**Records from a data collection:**
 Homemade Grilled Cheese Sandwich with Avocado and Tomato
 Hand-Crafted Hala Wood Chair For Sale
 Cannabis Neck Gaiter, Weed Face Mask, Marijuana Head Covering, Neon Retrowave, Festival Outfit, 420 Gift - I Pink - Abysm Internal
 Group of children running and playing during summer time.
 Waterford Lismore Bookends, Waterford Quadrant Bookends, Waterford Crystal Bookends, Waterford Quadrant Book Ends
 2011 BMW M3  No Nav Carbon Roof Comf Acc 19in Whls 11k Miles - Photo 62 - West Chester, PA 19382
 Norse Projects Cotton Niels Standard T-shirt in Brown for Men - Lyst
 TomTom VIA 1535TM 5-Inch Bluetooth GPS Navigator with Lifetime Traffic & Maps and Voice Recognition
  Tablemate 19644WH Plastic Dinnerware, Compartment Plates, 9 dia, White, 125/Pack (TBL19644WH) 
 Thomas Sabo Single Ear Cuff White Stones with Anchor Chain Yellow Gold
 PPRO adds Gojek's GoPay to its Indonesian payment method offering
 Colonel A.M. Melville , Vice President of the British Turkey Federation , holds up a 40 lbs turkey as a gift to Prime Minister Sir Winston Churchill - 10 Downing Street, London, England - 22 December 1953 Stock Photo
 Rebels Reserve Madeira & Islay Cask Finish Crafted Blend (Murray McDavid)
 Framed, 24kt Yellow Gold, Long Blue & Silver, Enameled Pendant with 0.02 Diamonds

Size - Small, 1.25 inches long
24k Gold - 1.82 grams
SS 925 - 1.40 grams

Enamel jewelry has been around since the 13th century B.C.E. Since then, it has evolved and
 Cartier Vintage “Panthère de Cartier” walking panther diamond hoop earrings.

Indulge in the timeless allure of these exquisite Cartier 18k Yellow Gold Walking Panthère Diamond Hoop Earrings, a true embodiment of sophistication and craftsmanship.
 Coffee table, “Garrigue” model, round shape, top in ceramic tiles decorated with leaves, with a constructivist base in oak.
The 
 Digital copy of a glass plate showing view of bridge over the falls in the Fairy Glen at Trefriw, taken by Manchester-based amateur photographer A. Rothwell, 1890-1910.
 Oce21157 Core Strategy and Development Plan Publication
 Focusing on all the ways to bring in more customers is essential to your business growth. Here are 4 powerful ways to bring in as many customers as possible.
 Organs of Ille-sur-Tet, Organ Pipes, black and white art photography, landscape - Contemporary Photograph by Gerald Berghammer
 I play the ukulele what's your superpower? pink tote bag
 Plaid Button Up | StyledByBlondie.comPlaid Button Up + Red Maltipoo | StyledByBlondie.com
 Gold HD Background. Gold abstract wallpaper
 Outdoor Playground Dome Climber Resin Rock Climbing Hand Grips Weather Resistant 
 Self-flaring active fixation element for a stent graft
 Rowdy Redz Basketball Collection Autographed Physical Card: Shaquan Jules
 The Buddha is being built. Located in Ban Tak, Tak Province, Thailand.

**EXERCISE:**
Could you reproduce all of the entries exactly as they appear?

**RESULT FOR THIS EXERCISE:**
 Homemade Grilled Cheese Sandwich with Avocado and Tomato
 Hand-Crafted Hala Wood Chair For Sale
 Cannabis Neck Gaiter, Weed Face Mask, Marijuana Head Covering, Neon Retrowave, Festival Outfit, 420 Gift - I Pink - Abysm Internal
 Group of children running and playing during summer time.
 Waterford Lismore Bookends, Waterford Quadrant Bookends, Waterford Crystal Bookends, Waterford Quadrant Book Ends
 2011 BMW M3  No Nav Carbon Roof Comf Acc 19in Whls 11k Miles - Photo 62 - West Chester, PA 19382
 Norse Projects Cotton Niels Standard T-shirt in Brown for Men - Lyst
 TomTom VIA 1535TM 5-Inch Bluetooth GPS Navigator with Lifetime Traffic & Maps and Voice Recognition
  Tablemate 19644WH Plastic Dinnerware, Compartment Plates, 9 dia, White, 125/Pack (TBL19644WH) 
 Thomas Sabo Single Ear Cuff White Stones with Anchor Chain Yellow Gold
 PPRO adds Gojek's GoPay to its Indonesian payment method offering
 Colonel A.M. Melville , Vice President of the British Turkey Federation , holds up a 40 lbs turkey as a gift to Prime Minister Sir Winston Churchill - 10 Downing Street, London, England - 22 December 1953 Stock Photo
 Rebels Reserve Madeira & Islay Cask Finish Crafted Blend (Murray McDavid)
 Framed, 24kt Yellow Gold, Long Blue & Silver, Enameled Pendant with 0.02 Diamonds

Size - Small, 1.25 inches long
24k Gold - 1.82 grams
SS 925 - 1.40 grams

Enamel jewelry has been around since the 13th century B.C.E. Since then, it has evolved and
 Cartier Vintage “Panthère de Cartier” walking panther diamond hoop earrings.

Indulge in the timeless allure of these exquisite Cartier 18k Yellow Gold Walking Panthère Diamond Hoop Earrings, a true embodiment of sophistication and craftsmanship.
 Coffee table, “Garrigue” model, round shape, top in ceramic tiles decorated with leaves, with a constructivist base in oak.
The 
 Digital copy of a glass plate showing view of bridge over the falls in the Fairy Glen at Trefriw, taken by Manchester-based amateur photographer A. Rothwell, 1890-1910.
 Oce21157 Core Strategy and Development Plan Publication
 Focusing on all the ways to bring in more customers is essential to your business growth. Here are 4 powerful ways to bring in as many customers as possible.
 Organs of Ille-sur-Tet, Organ Pipes, black and white art photography, landscape - Contemporary Photograph by Gerald Berghammer
 I play the ukulele what's your superpower? pink tote bag
 Plaid Button Up | StyledByBlondie.comPlaid Button Up + Red Maltipoo | StyledByBlondie.com
 Gold HD Background. Gold abstract wallpaper
 Outdoor Playground Dome Climber Resin Rock Climbing Hand Grips Weather Resistant 
 Self-flaring active fixation element for a stent graft
 Rowdy Redz Basketball Collection Autographed Physical Card: Shaquan Jules
 The Buddha is being built. Located in Ban Tak, Tak Province, Thailand.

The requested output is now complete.